Magnetization Dynamics

Measured spin wave mode spectrum and simulated magnetization dynamics in a curved magnetic nanowire. From J. Phys.: Condens. Matter. 26, 266003 (2014)

Nuclear resoanct signal from a magnetic film that is excited at ferromagnetic resonance. The excitation power is changed. From the nuclear signal the precession cone of the magnetization can be extracted. From Phys. Rev. Lett. 114, 147601 (2015)

Calculated response of different magnetization components to a THz magnetic field pulse. The response for various pulse width is shown. From Sci. Rep. 6, 22767 (2016)

The enormous potential of ultrafast spin manipulation for applications in information storage, processing and retrieval stimulates a growing interest in the excited states and non-equilibrium properties of magnetic structures.

The elementary quanta of excitations in an ordered ensemble of magnetic moments are magnons, also known as spinwaves when seen in the wave picture. An accurate knowledge of the spectrum of spinwave excitations is necessary for tailoring the functionality of magnetic nanostructures. The progress in this field is expressed by the rapid growth of magnonics as the research area where artificially structured materials are designed to tailor the magnetic excitation spectrum of the system. Particularly interesting are spin excitations in ultrathin films and magnetic nanostructures where surfaces and interfaces lead to a strong modification of the spinwave spectrum compared to the bulk.

In ferromagnets, the exchange energy (eV) sets the characteristic time scale in the fs-regime, while demagnetization energy (meV) is the prominent interaction in the ps-regime and above. It is interesting to study confined systems where both inter¬actions are involved. Spinwaves in confined ferromagnets are a prototype multi time-scale problem. In the CUI research project C 3.2 “Imaging dynamics of ferromagnetic nanostructures via nuclear resonant diffraction” we want to realize a new experimental approach to resolve spin-wave dynamics in confined geometries on sub-ns timescales with sub-nm spatial resolution.
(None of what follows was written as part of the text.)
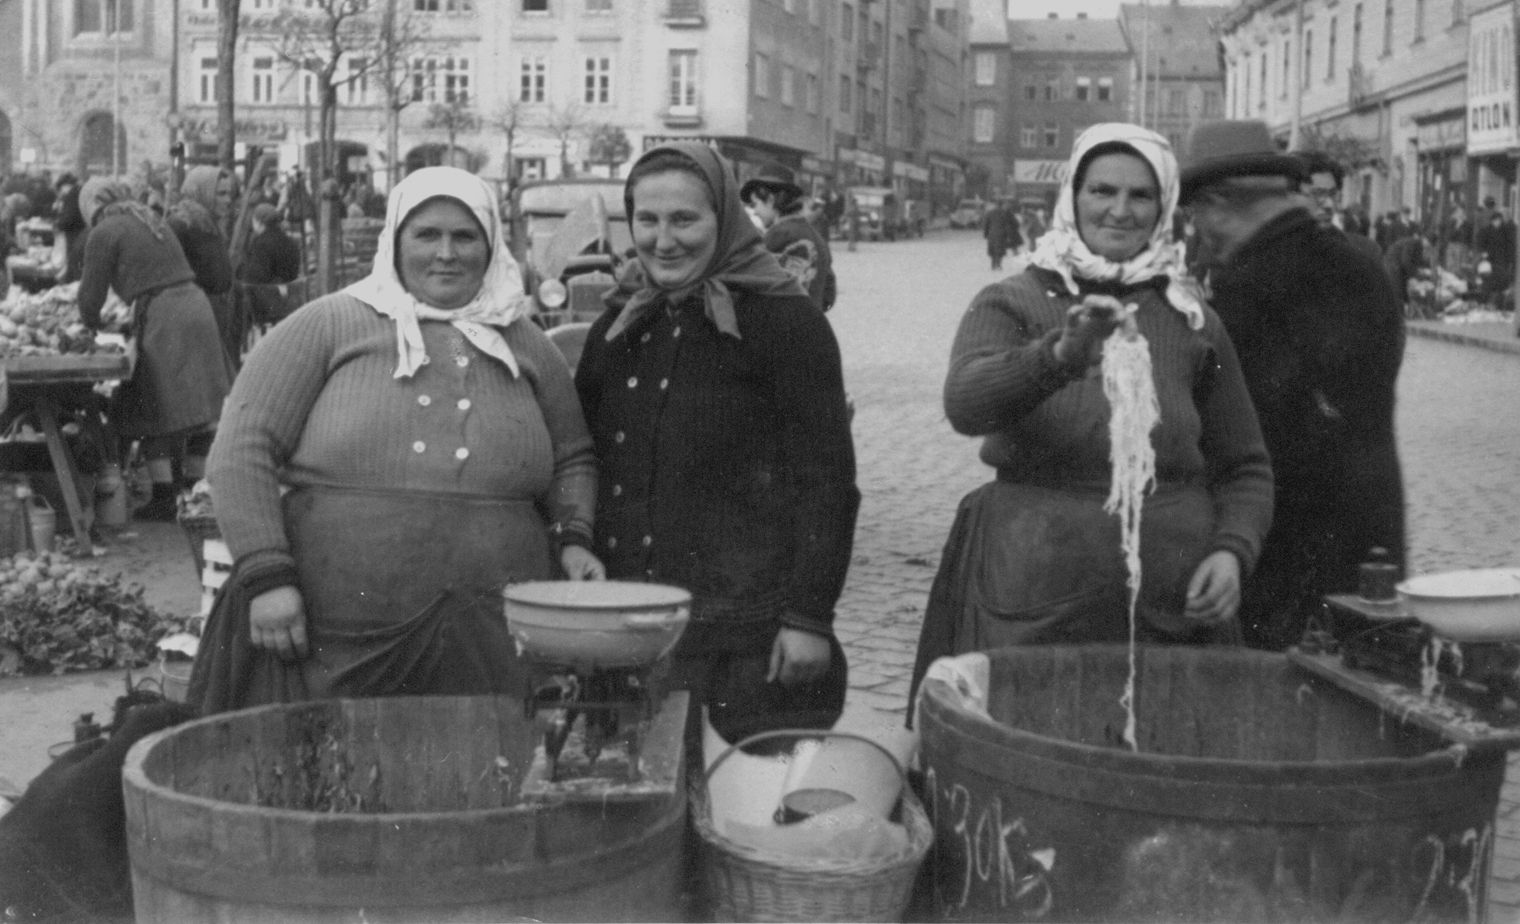 Foto - archív Jána Suchého

Our goal is to investigate spin waves in frustrated lateral ferromagnetic nanostructures. Recently artificial spin ice has come into the focus of interest as confined ferromagnetic system. For spin ice, no single minimal energy exists and it is therefore a model system for frustration phenomena reminiscent of the water-ice systems. In geometrically frustrated single-domain magnets the dipole interaction creates a two-dimensional analog to spin ice in crystals. Static imaging of the magnetic moment of individual elements reveals the local accommodation of frustration. The so-called ice rule dictates the energetically favorable configurations although a full compensation of the local stray fields is a priori not possible. In such lattices, spin-wave modes appear prominently in the frequency spectrum of the magnetization excitation amplitude typically between ten and up to hundred GHz. The character of these spin wave excitations and their dispersion relation shall be characterized by vector-network-analyzer ferromagnetic resonance spectroscopy (VNA-FMR) and with measurements at the dynamics beamline P01 at PETRA III. The experiments planned are at the limit of temporal and spatial resolution of conventional magnetic microscopy, but can be realized by nuclear resonant scattering of synchrotron radiation (NRS). Time-resolved NRS is an established tool to deter¬mine the depth-resolved spin structure of magnetic thin films and nanostructures with sub-nm spatial resolution. The technique is intrinsically sensitive to time-dependent processes as magnetic switching and relaxation phenomena.